There were two O’Fallons in spitting distance, the one in Missouri and the one in Illinois. Home again, I re-read your letter. No hint as to east of the Mississippi or west. You’d been so careful, Clarence. I noticed—I appreciated; full credit to you—that you didn’t give Maisie Pamela’s name. It was 1982 when you went away. The last computer you’d have seen would have been a fat-mouthed floppy eater. I went to my desk. You had no proper sense of how easy things came out here.
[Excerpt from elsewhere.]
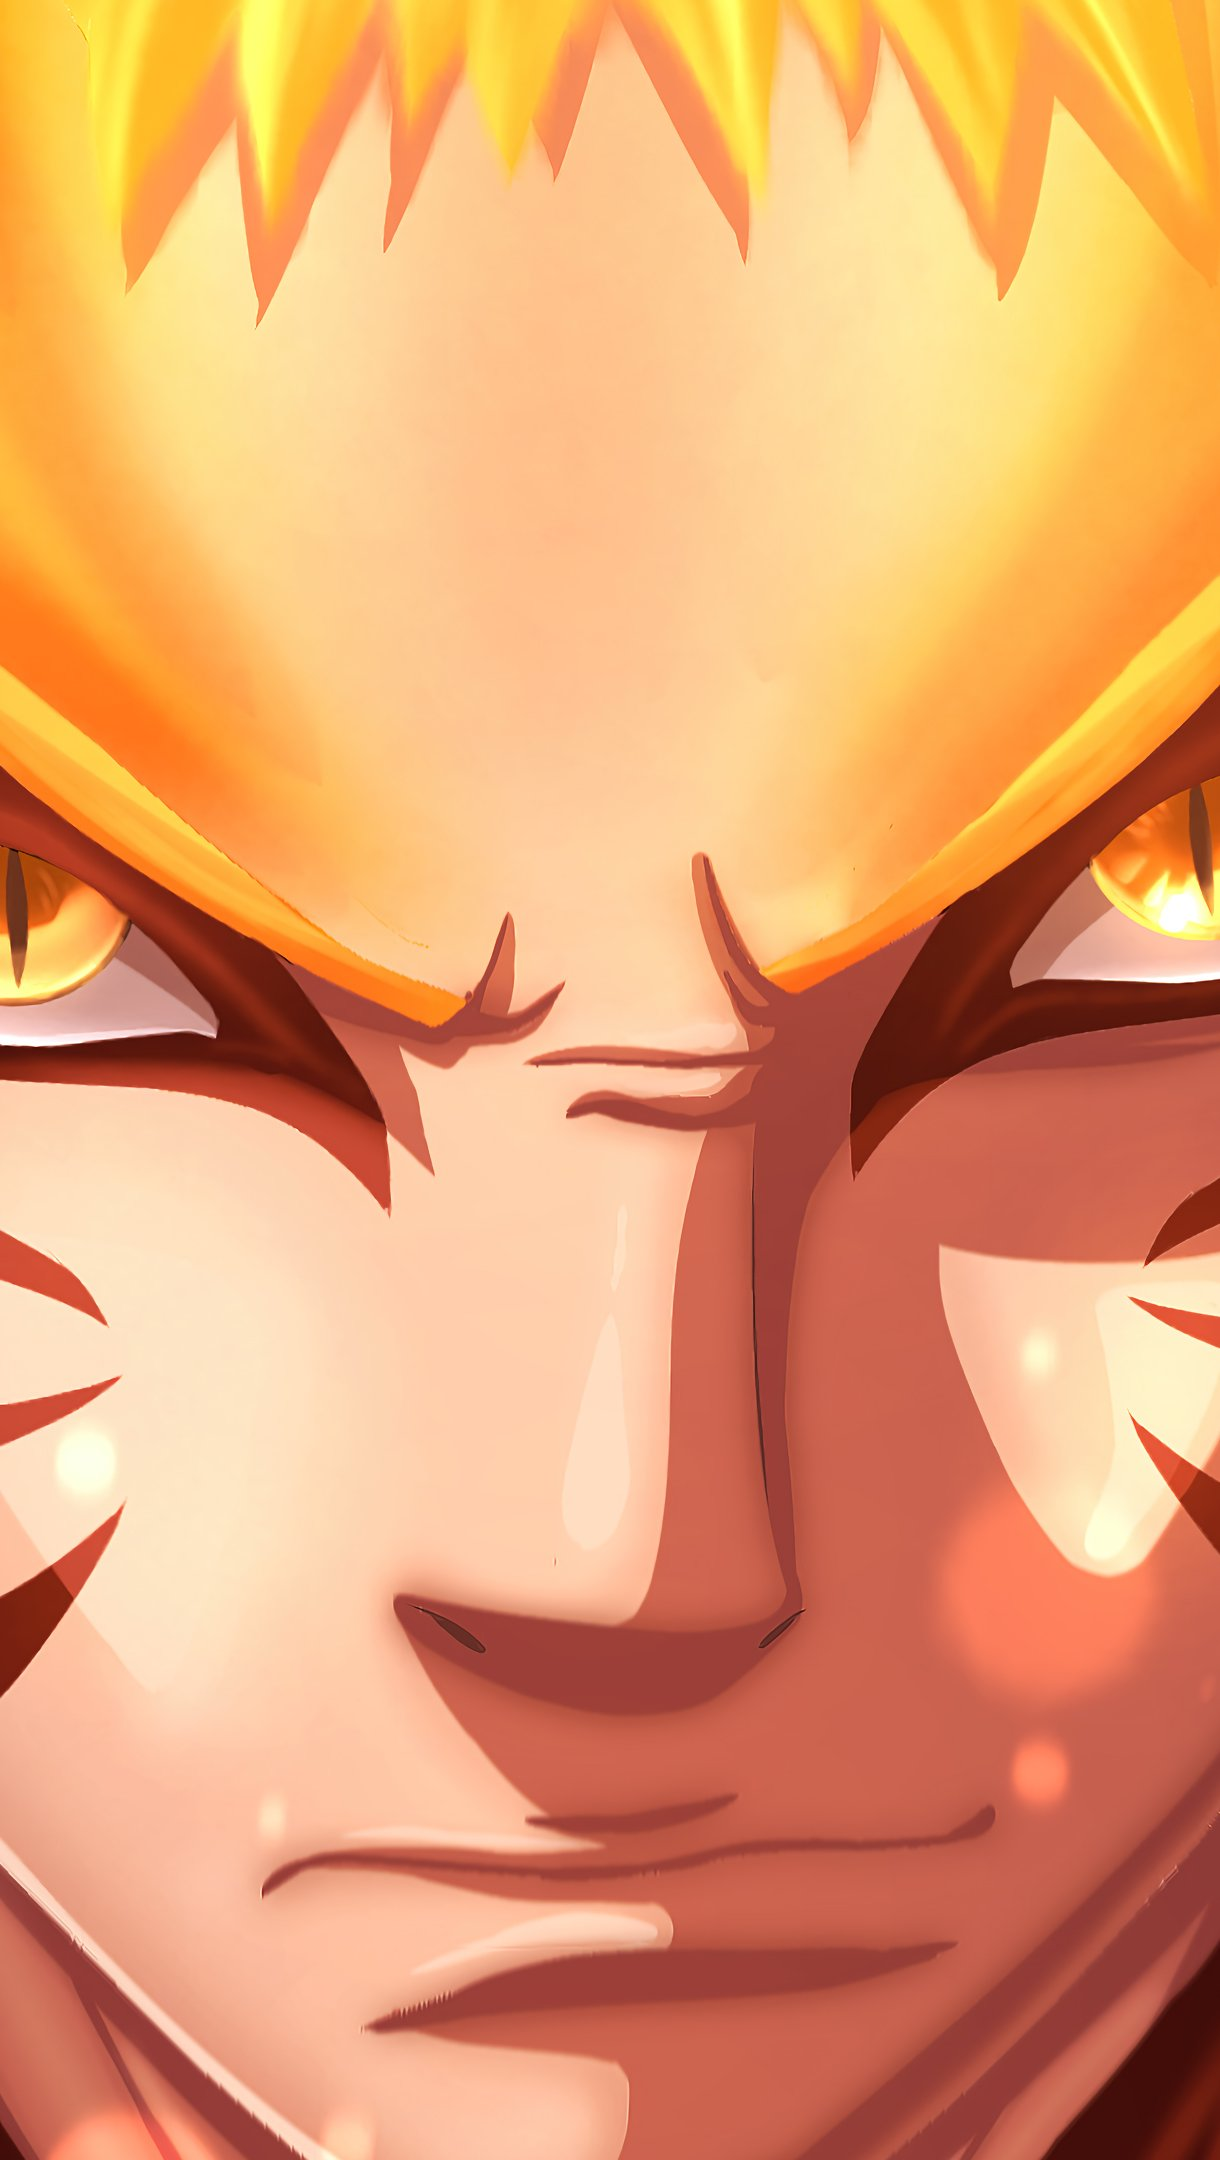 Fondos de pantalla Anime Naruto Uzumaki Baryon Mode Vertical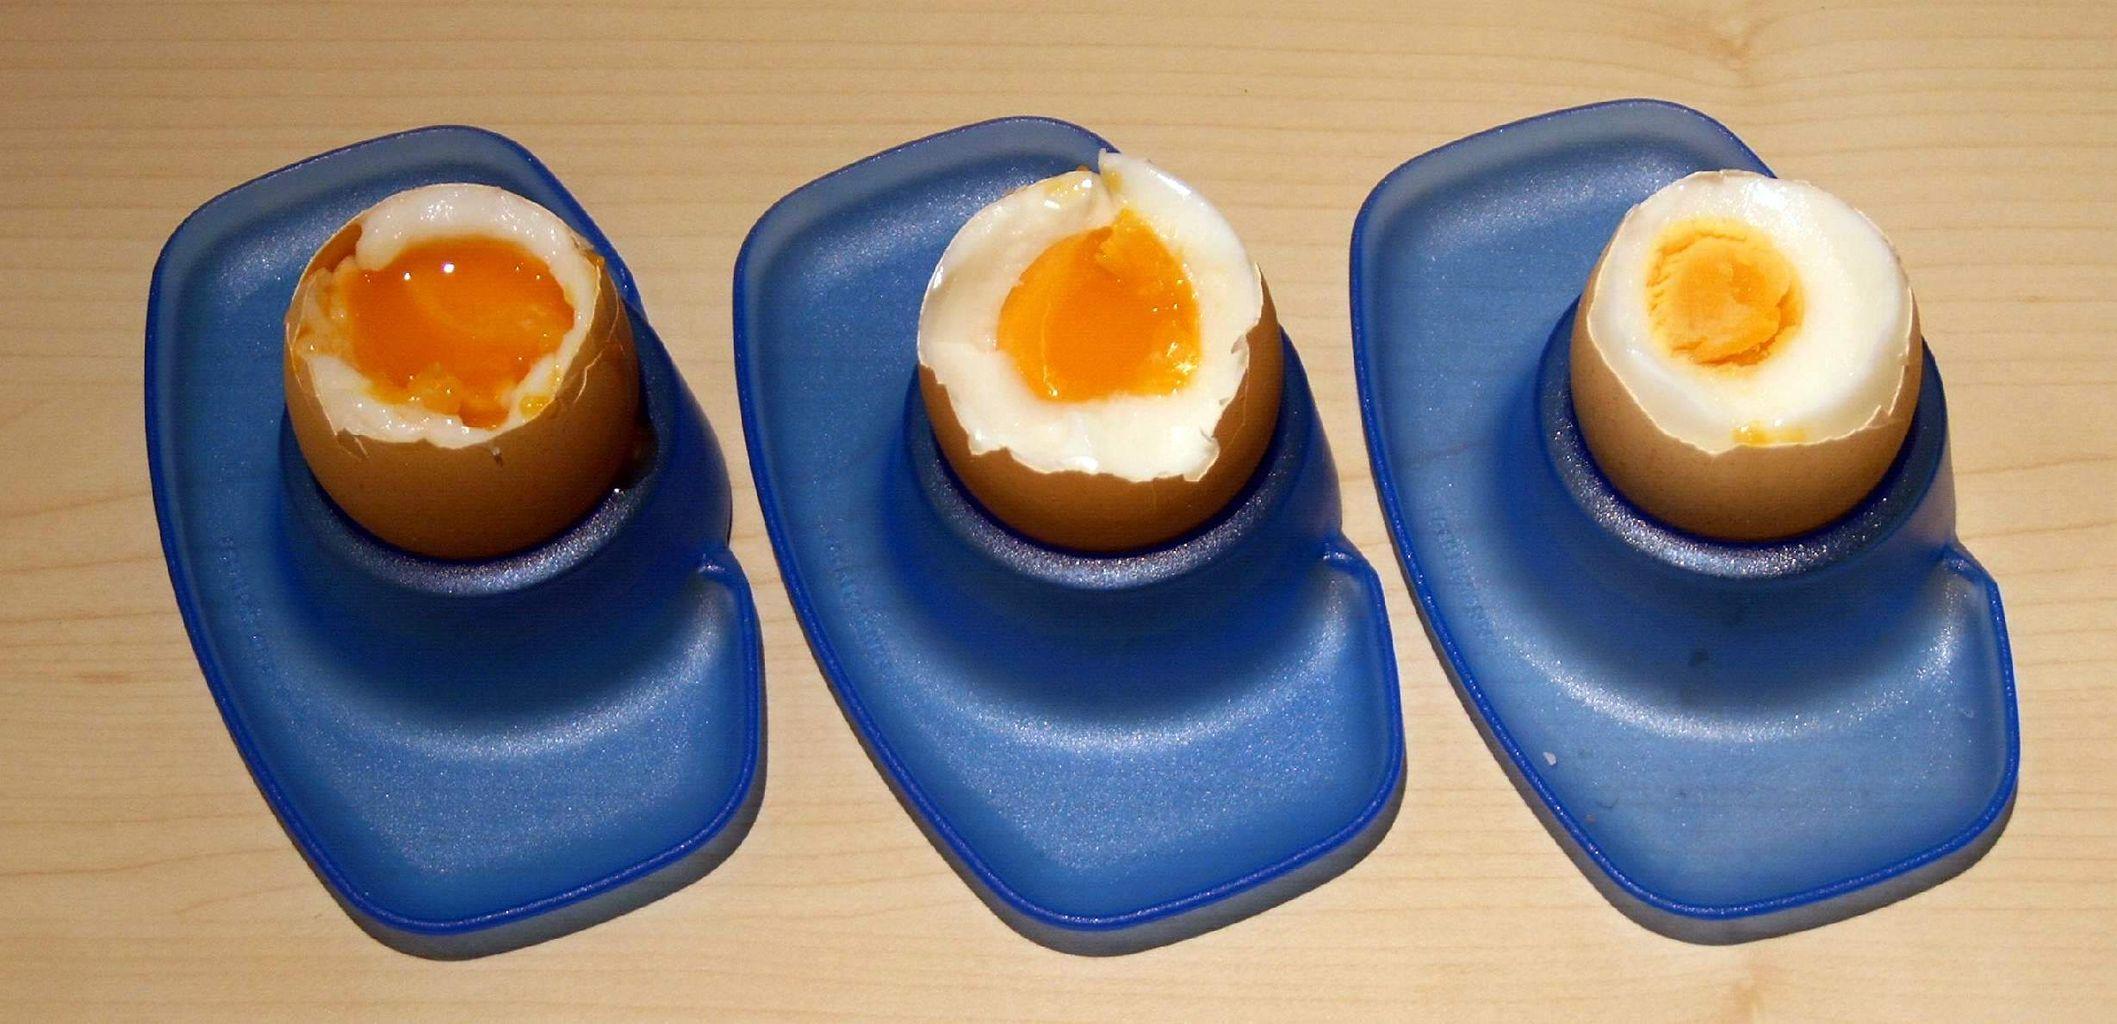 【料理】ゆで卵の殻をツルンとむく裏ワザを紹介!!!試してみようかな

Click. m a r j o r i e l u s k was your mother and I didn’t waste the capital letters. I waited. Nothing. I clicked again, hoping for the Illinois O’Fallon. Not because of the state line, exactly. Just squiggles on a map. But this particular squiggle was the Mississippi River. We’d wronged each other terribly, Marjorie and I, and any strategist knows it’s best to keep deep water between home fires and enemies. Nothing onscreen. I clicked again; no change. I pressed my hands to either side of the monitor as if that could force results. Marjorie with her over-rouged lips and your blue eyes. When she’d bent to kiss Pam those eyes had looked like bits of sky, falling.
Still nothing. Black words in the white query box. I highlighted them and their colors reversed. Backspace. A single keystroke winked them out. The words flashed their brief onscreen after-ghost, white on white: m a r j o r i e l u s k.